You're basically screaming "don't use so many pointers!", but this much much easier said than done. You can only really do this if you write the entire stack -all the dependencies- yourself, just so you can optimize like this. This approach doesn't scale or compose well at all.
That's just like saying you can only optimize CPU usage if you've written the world perfectly from scratch. In reality, profiles aren't flat. A little effort in the right spot can go a long way for any optimization goal.
A big problem is that it requires an entire ABI and operating system support to handle this case, when the alternative is... just use a custom heap in your own program. You're describing an insane level of engineering for something that mostly is hidden and can be handled just as effectively by the applications.
Like, if you're in the weird case where A) pointer chasing is killing your performance and blowing your cache and B) your working set fits in 4GB, you can just fix this yourself with your own custom allocator to handle that. You'll still be pointer chasing, mind you, just half as much (and there's the thing: you could very well be much better off reducing the chasing you're doing versus mitigating it this way.)
In reality superscalar OOO processors hide miss latency very effectively helping mitigate the problems of A, and B isn't always clear from the start. So here we are.
Don't get me wrong, I want more efficient programs, and centralizing some complexity like ABI is a good thing. But in practice x32 was a massive technological investment for something that mostly didn't matter, that people mostly didn't need, and whose benefits can be gotten much more easily and directly in a lot of cases.

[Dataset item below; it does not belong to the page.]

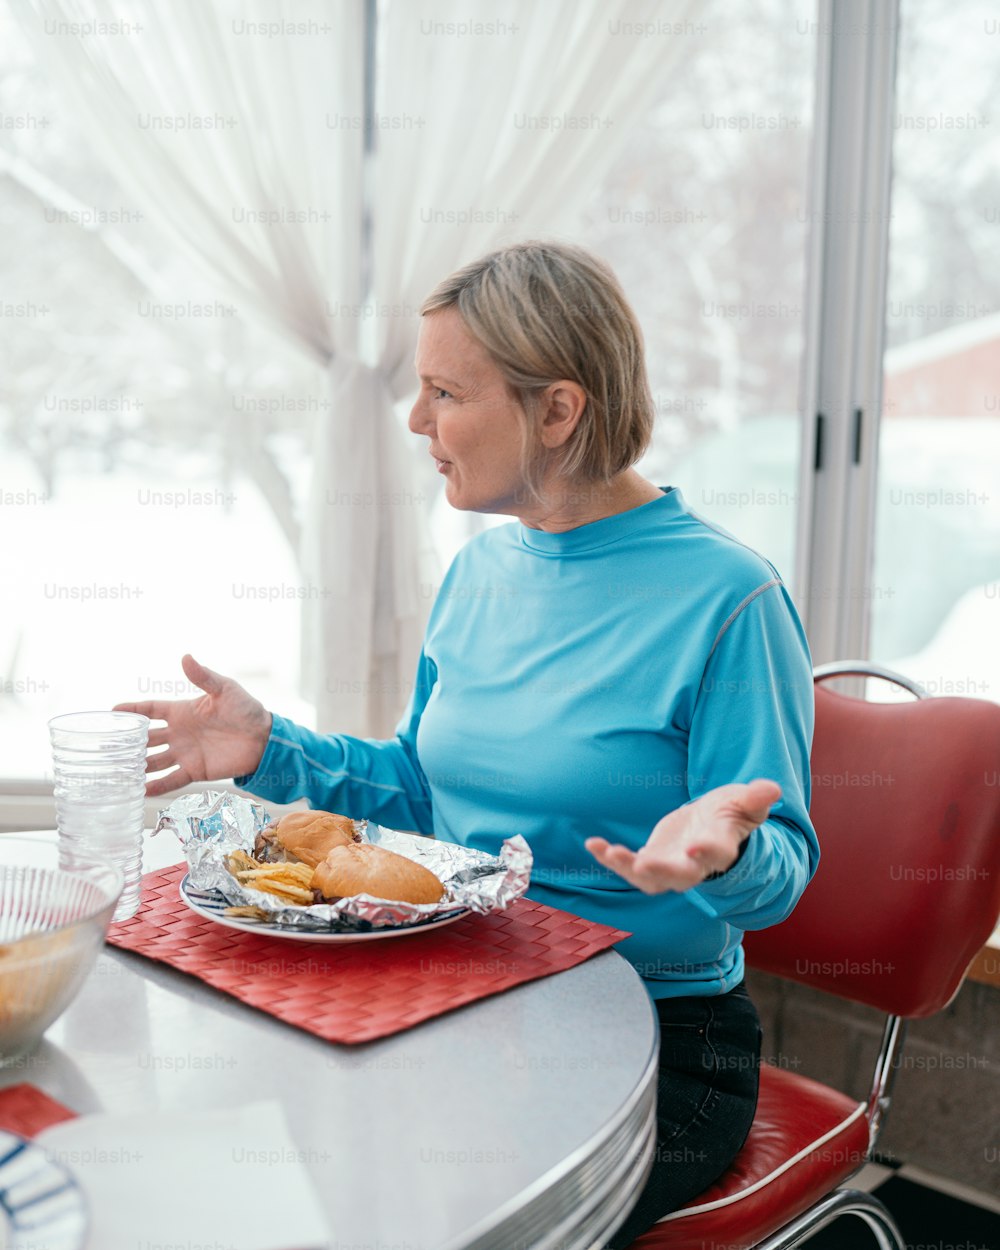 食べ物の皿を持ってテーブルに座ってい�る女性

I agree that the x32 ABI is probably a technological dead end, but I don't agree with "just" use a custom heap. I tried in C++ and it's not easy. You lose a lot of type safety and you have to basically rewrite every line of your program.
Another program I remember that uses small integers instead of pointers is the Sorbet type checker (not coincidentally it also has a fine-grained AST code representation): https://blog.nelhage.com/post/why-sorbet-is-fast/
I peeked at the code awhile back, and it's not really idiomatic C++. It's obviously doable but you have to architect the program from the start for it -- it's not feasible to retrofit this technique onto existing software.

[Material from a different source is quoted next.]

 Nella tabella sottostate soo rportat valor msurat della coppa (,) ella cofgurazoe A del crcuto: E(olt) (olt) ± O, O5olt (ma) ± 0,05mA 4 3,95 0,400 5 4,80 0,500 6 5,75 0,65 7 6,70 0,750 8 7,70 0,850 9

I wonder if you could apply a simpler version of this to ordinary C/C++ programs? If you allocate a chunk on the heap with 8-byte alignment, then you can throw away the lowest 3 bits of precision, and then you can address 32GB with a 32-bit pointer. You'd need the cooperation of the memory allocator to ensure it gives you addresses in the first 32GB of address space, and it might interfere with things like ASLR, but it doesn't seem impossible.
Something like this in C++:
template<class T>
class CompressedPointer {
public:
T &operator*() const {
return *static_cast<T *>((uint64_t)ptr << 3);
}
/* It's not safe to construct a CompressedPointer<T> from an arbitrary T*;
you probably want to malloc and construct via the CompressedPointer itself */
template<Args...>
static CompressedPointer malloc(Args...) {
/* allocate 8-byte aligned sizeof(T) in first 32GB, then construct T in it */
}
private:
uint32_t ptr;
}
[Edit] Extra crazy idea: Take an existing large C++ codebase. For each struct T in the codebase, use static analysis to determine if T is ever stack-allocated (or otherwise incompatible with CompressedPointer). If not, automatically rewrite all "T*" to "CompressedPointer<T>" and all "new T(...)" with "CompressedPointer<T>::malloc(...)". I suspect this would work for 90% of the heap allocations in a typical C++ codebase...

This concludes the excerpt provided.